- Native name: Dasiqox (Chilcotin)

Location
- Country: Canada
- Province: British Columbia
- District: Cariboo Land District

Physical characteristics
- Source: Taylor Pass
- • coordinates: 51°0′4″N 123°16′17″W﻿ / ﻿51.00111°N 123.27139°W
- • elevation: 2,085 m (6,841 ft)
- Mouth: Chilko River
- • coordinates: 52°0′26″N 123°40′39″W﻿ / ﻿52.00722°N 123.67750°W
- • elevation: 805 m (2,641 ft)
- • location: outlet of Taseko Lakes
- • average: 37.2 m^{3}/s (1,310 cu ft/s)
- • minimum: 2.99 m^{3}/s (106 cu ft/s)
- • maximum: 241 m^{3}/s (8,500 cu ft/s)

Basin features
- • left: Lord River, Tchaikazan River

= Taseko River =

River in British Columbia, Canada

The Taseko River /təˈsiːkoʊ/ or Dasiqox in the original Chilcotin, is a tributary of British Columbia's Chilko River, a tributary of the Chilcotin River which joins the Fraser near the city of Williams Lake.

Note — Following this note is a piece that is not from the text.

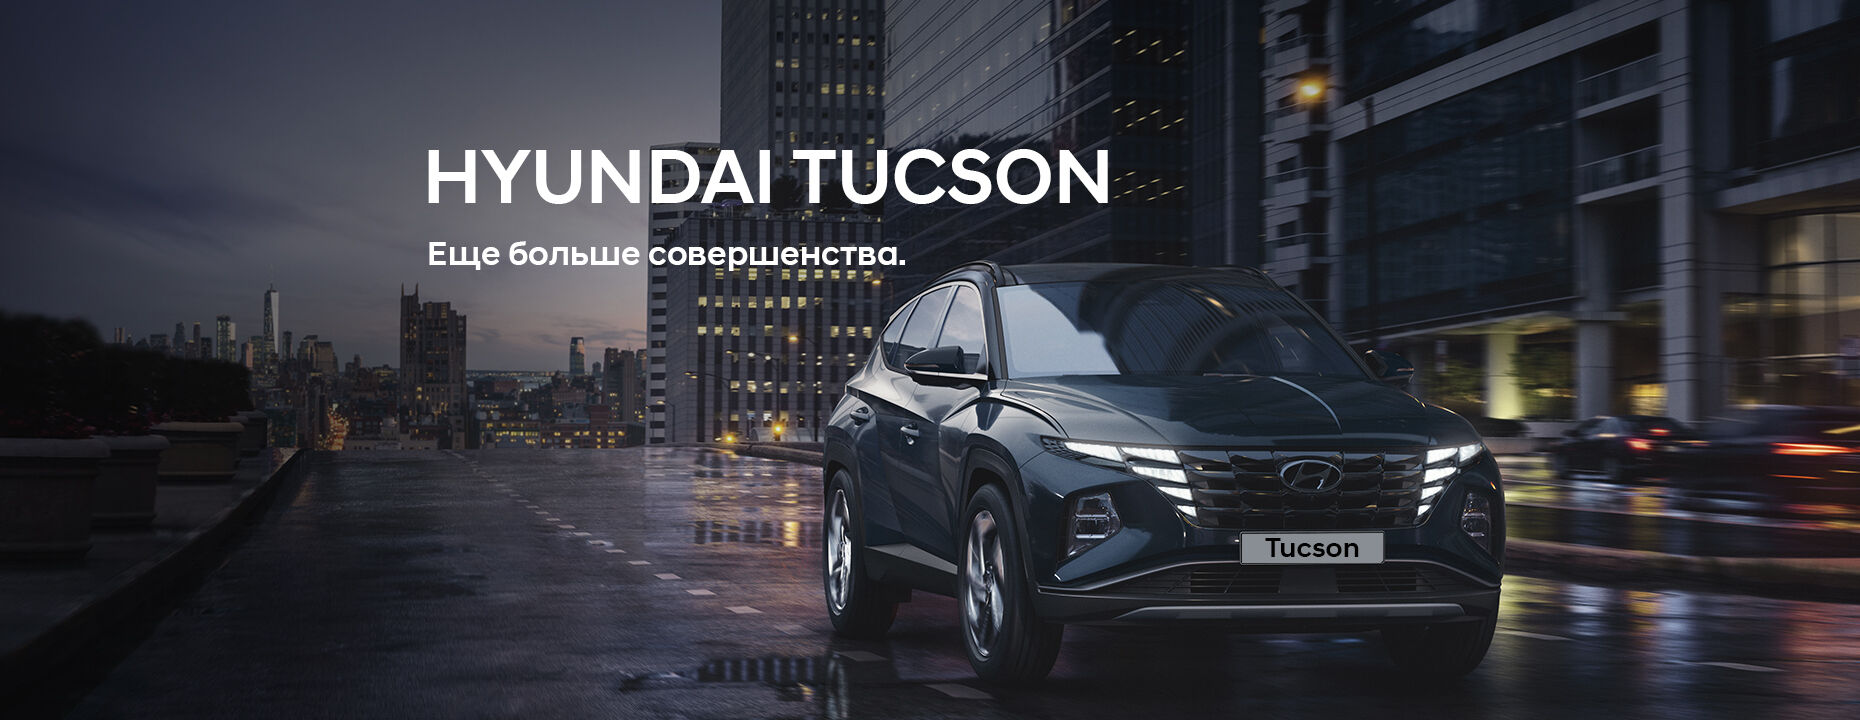 Синий Hyundai Tucson едет по дороге на фоне городских зданий

The Taseko has its origins at Taylor Pass in the heart of an alpine area known as the South Chilcotin. Taylor Pass connects with Slim Creek, a major tributary of Gun Creek, which feeds the Bridge River via Carpenter Lake. From its source, it flows north then northwest before entering the south end of Upper Taseko Lake next to the Lord River, one of its major tributaries. The Tchaikazan River, another large tributary, also joins the river via the Taseko Lakes, entering at the area that separates Upper and Lower Taseko Lake. At the outlet of the two Taseko Lakes the river issues onto the broad Chilcotin Plateau. From source to Upper Taseko Lake, the Taseko is about 30 kilometres in length. From Lower Taseko Lake to the Taseko's confluence with the Chilko River is about 85 kilometres. Including the 25 kilometre length of both Taseko Lakes, the total length of the Taseko River is around 140 kilometres.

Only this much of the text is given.